Cada cual tiene su propia manera de rendir homenajes. El nombre de Ben Leider sirvió para bautizar una colonia de niños en Benimàmet. Y fueron estos chavales los que le enviaron a la familia del aviador el cuadernito con dibujos y poemas del que les hablaba y que acabó en un desván de California, donde permaneció todos estos años hasta que hace unas semanas alguien los descubrió por azar.

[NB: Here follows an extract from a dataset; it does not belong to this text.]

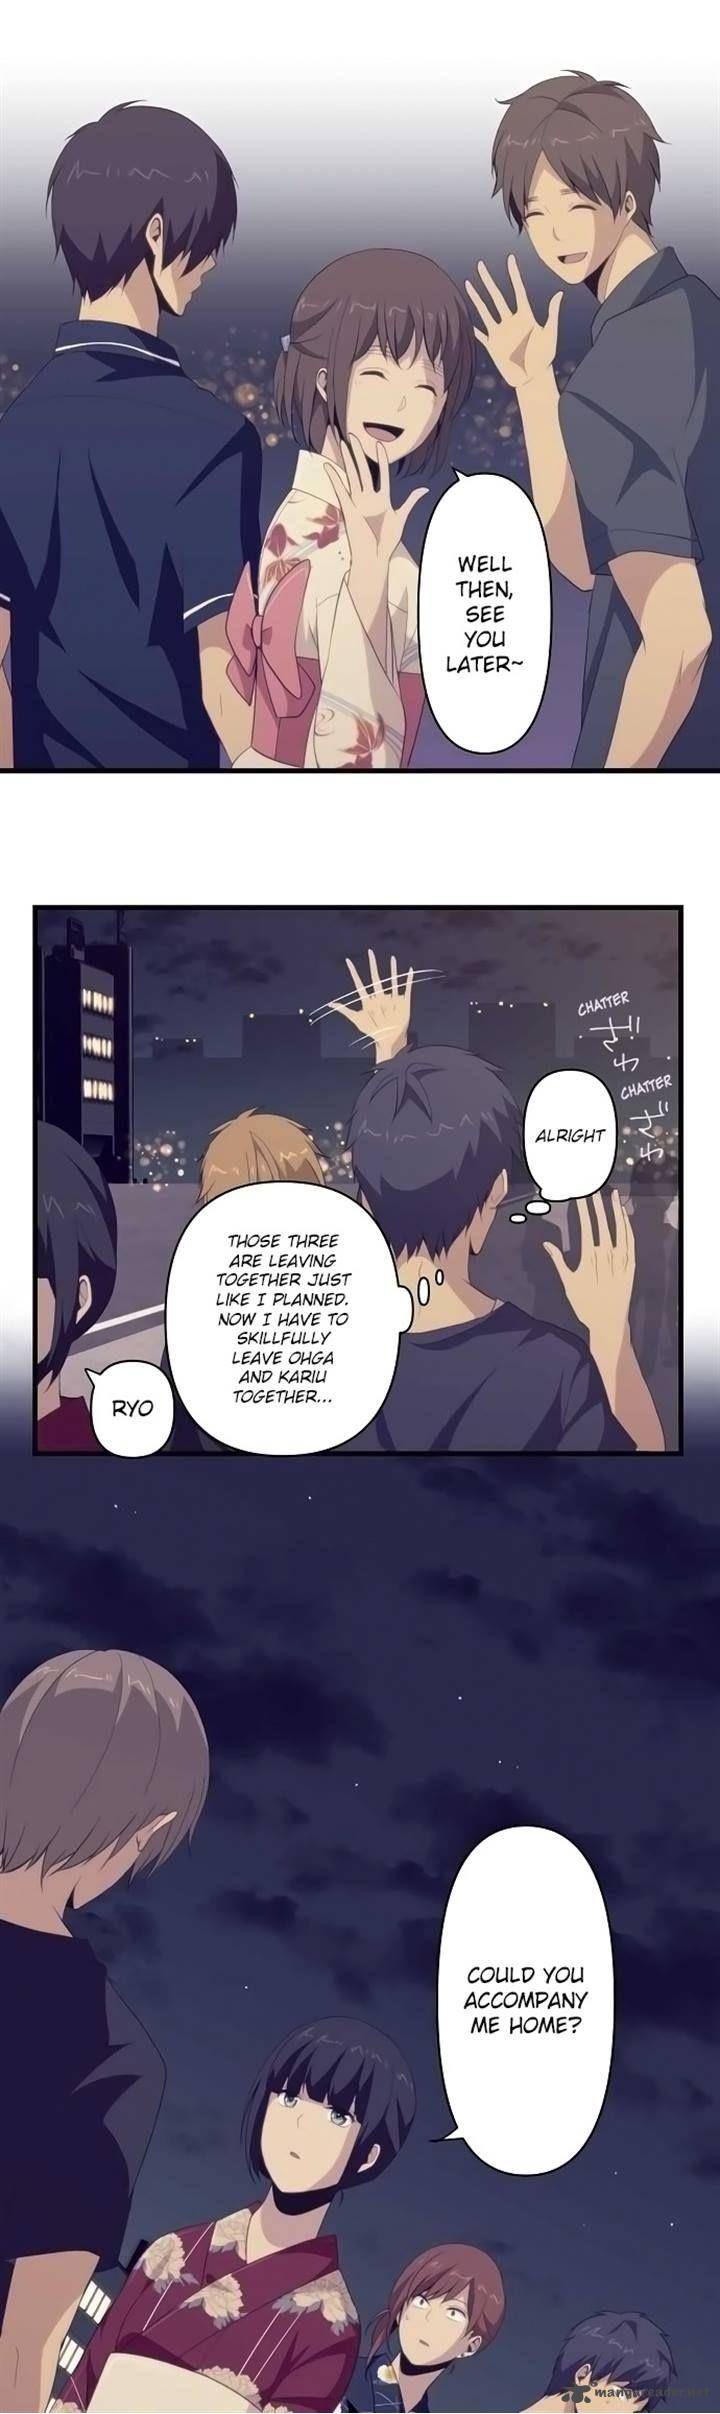 Relife 104 17

Pero a veces el azar es la forma que elige la memoria para manifestarse. Los textos escritos por los niños se parecen mucho, seguramente por haber sido sugeridos por el maestro. Los dibujos, sin embargo, reflejan más la sensibilidad de cada uno y el impacto brutal de la guerra en las mentes infantiles. Hay una niña llamada Dorita que pinta un rectángulo azul de cielo desgarrado por una espiral de humo con alas de libélula; otro dibujo muestra a Pilarín, de seis meses, la benjamina de la casa, en una cunita de ruedas; un muchacho casi adolescente le da un aire misterioso a la escuela, al pintarla replegada bajo una línea de pájaros; otros dibujan soldados y banderas republicanas; y un crío de cinco años sólo pinta pollitos. Probablemente ni siquiera exista ya la escuela, pero tal vez alguien en Benimàmet recuerde su torre almenada y el portón en arco y acaso también el dibujo que hizo un día para enviar a América. Bastará ese recuerdo para que la Historia pueda ser de nuevo salvada.